• [YOUR INSTRUCTIONS] When the line containing "Asus RT-AX86U Pro" appears in the entries below, begin printing there and stop after the line containing "As temperatures rise, remember"; print each of those lines exactly and no other line.
─── PROVIDED RECORDS
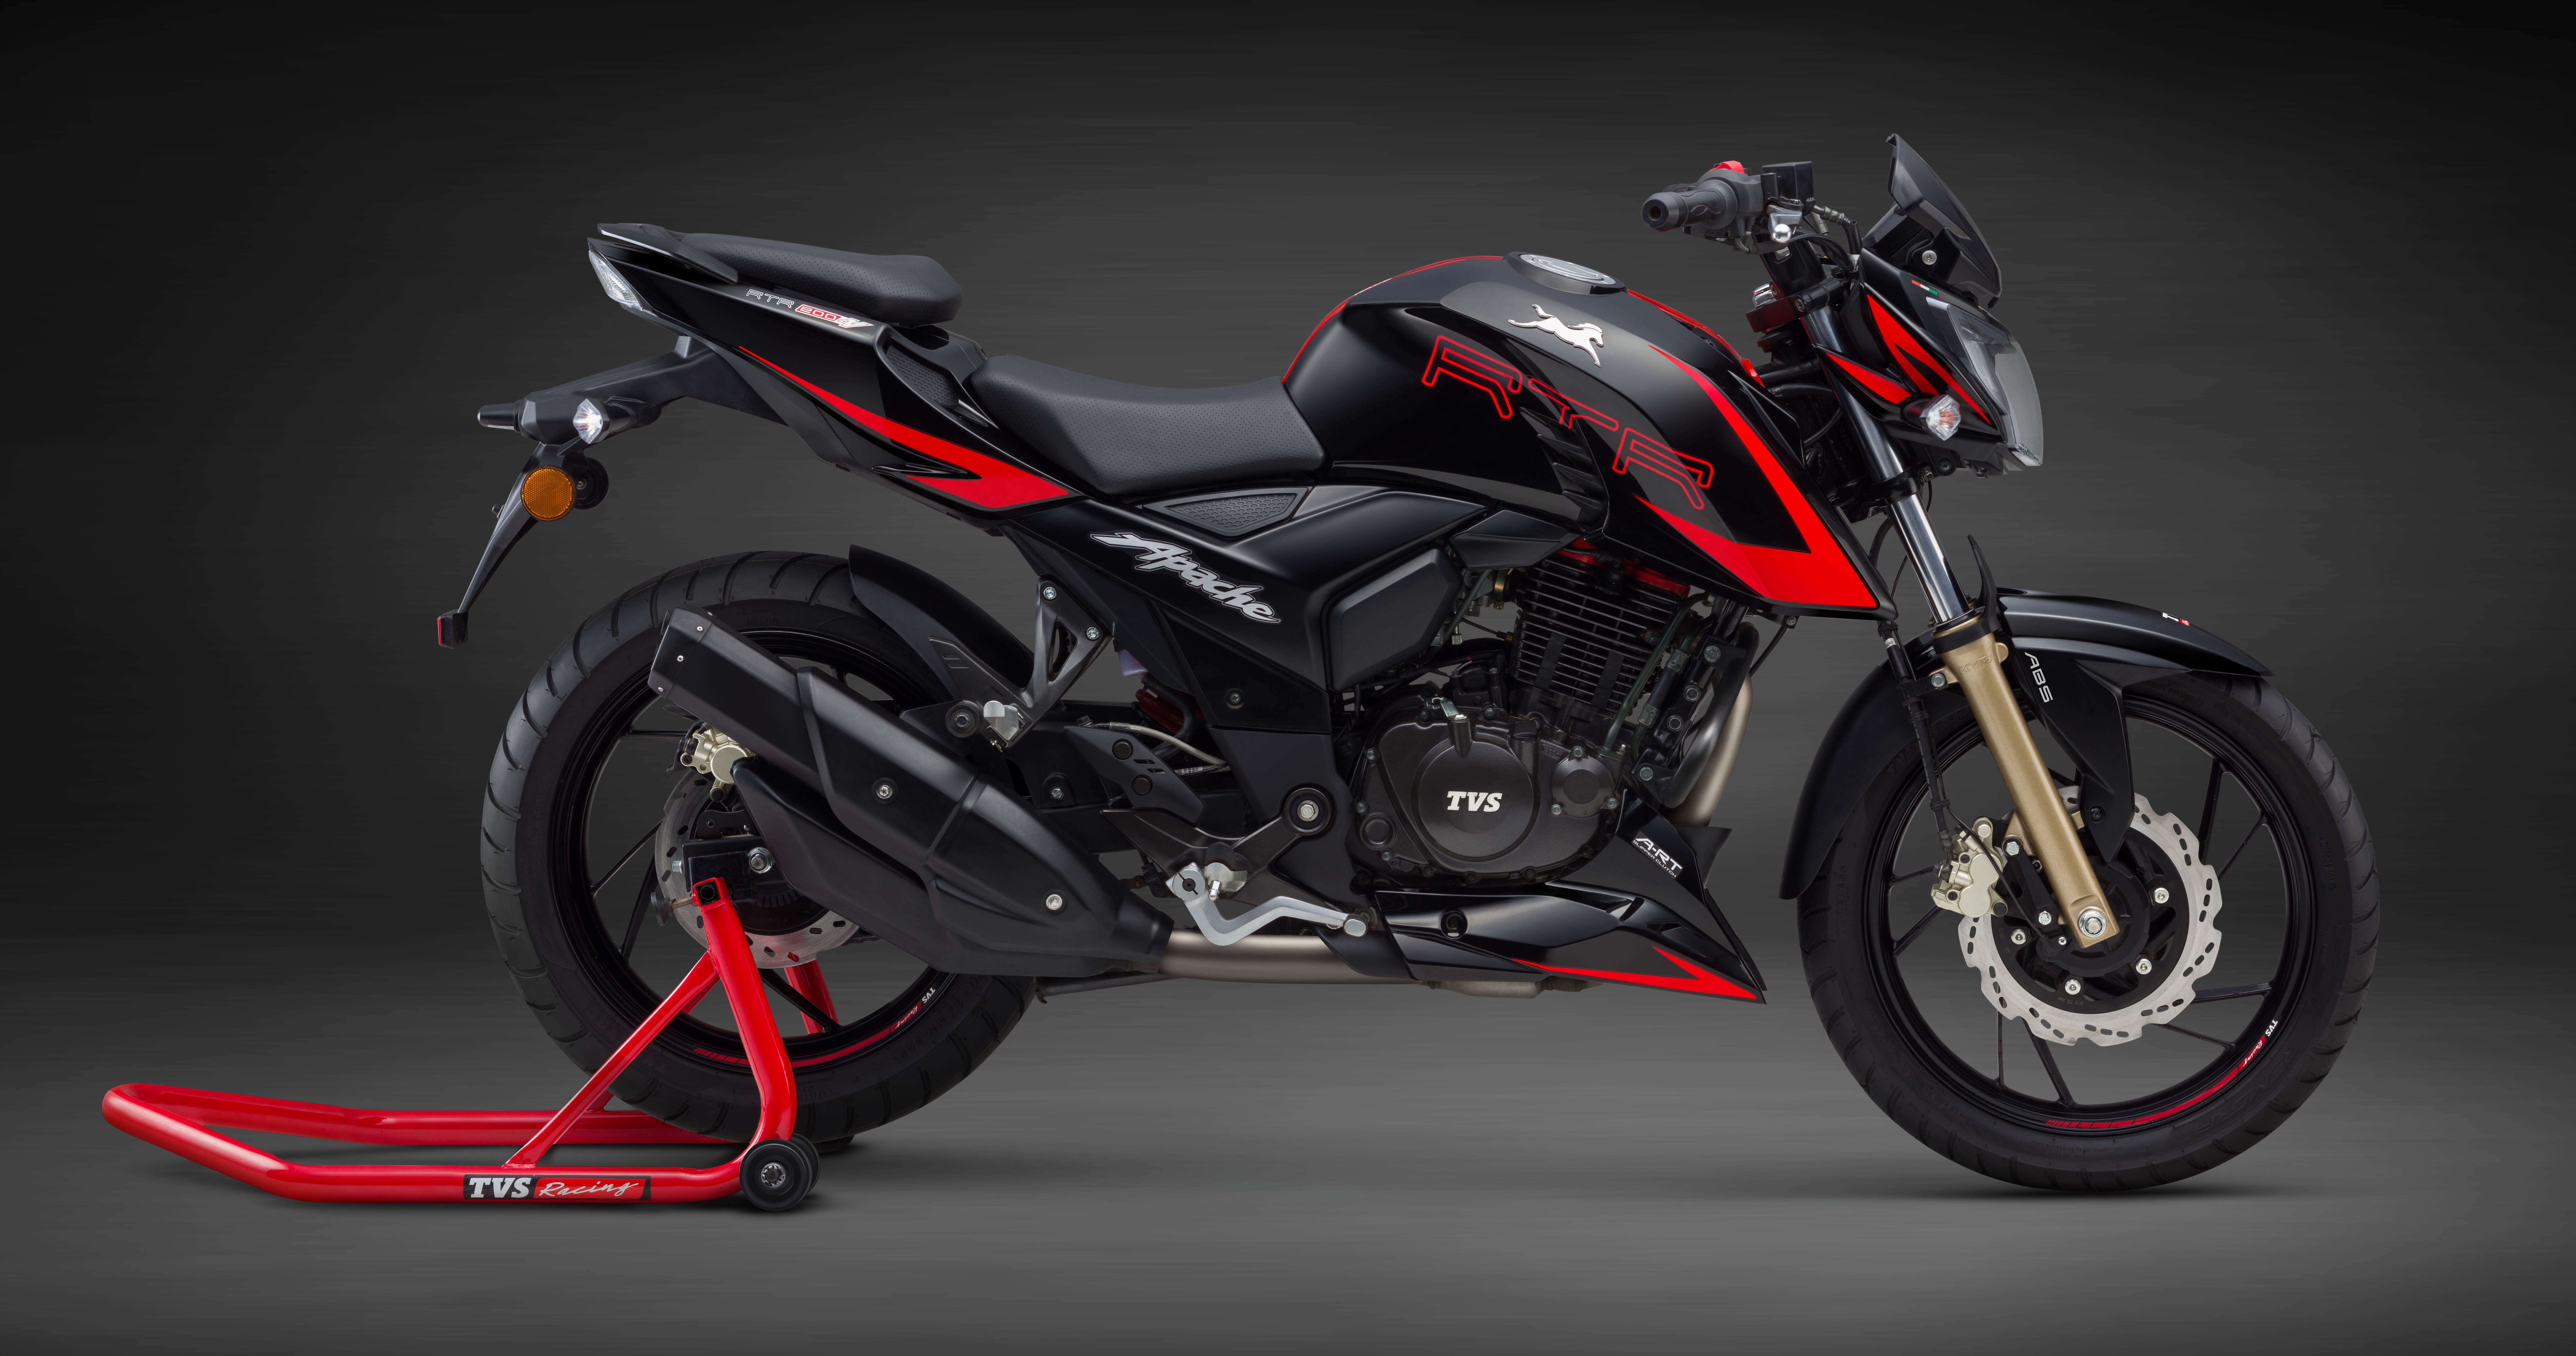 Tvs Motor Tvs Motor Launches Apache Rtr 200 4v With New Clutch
──────
─── PROVIDED RECORDS
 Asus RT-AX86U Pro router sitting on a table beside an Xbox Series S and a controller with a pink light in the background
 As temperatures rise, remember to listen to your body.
──────
• [RESULT FOR THIS TASK]
 Asus RT-AX86U Pro router sitting on a table beside an Xbox Series S and a controller with a pink light in the background
 As temperatures rise, remember to listen to your body.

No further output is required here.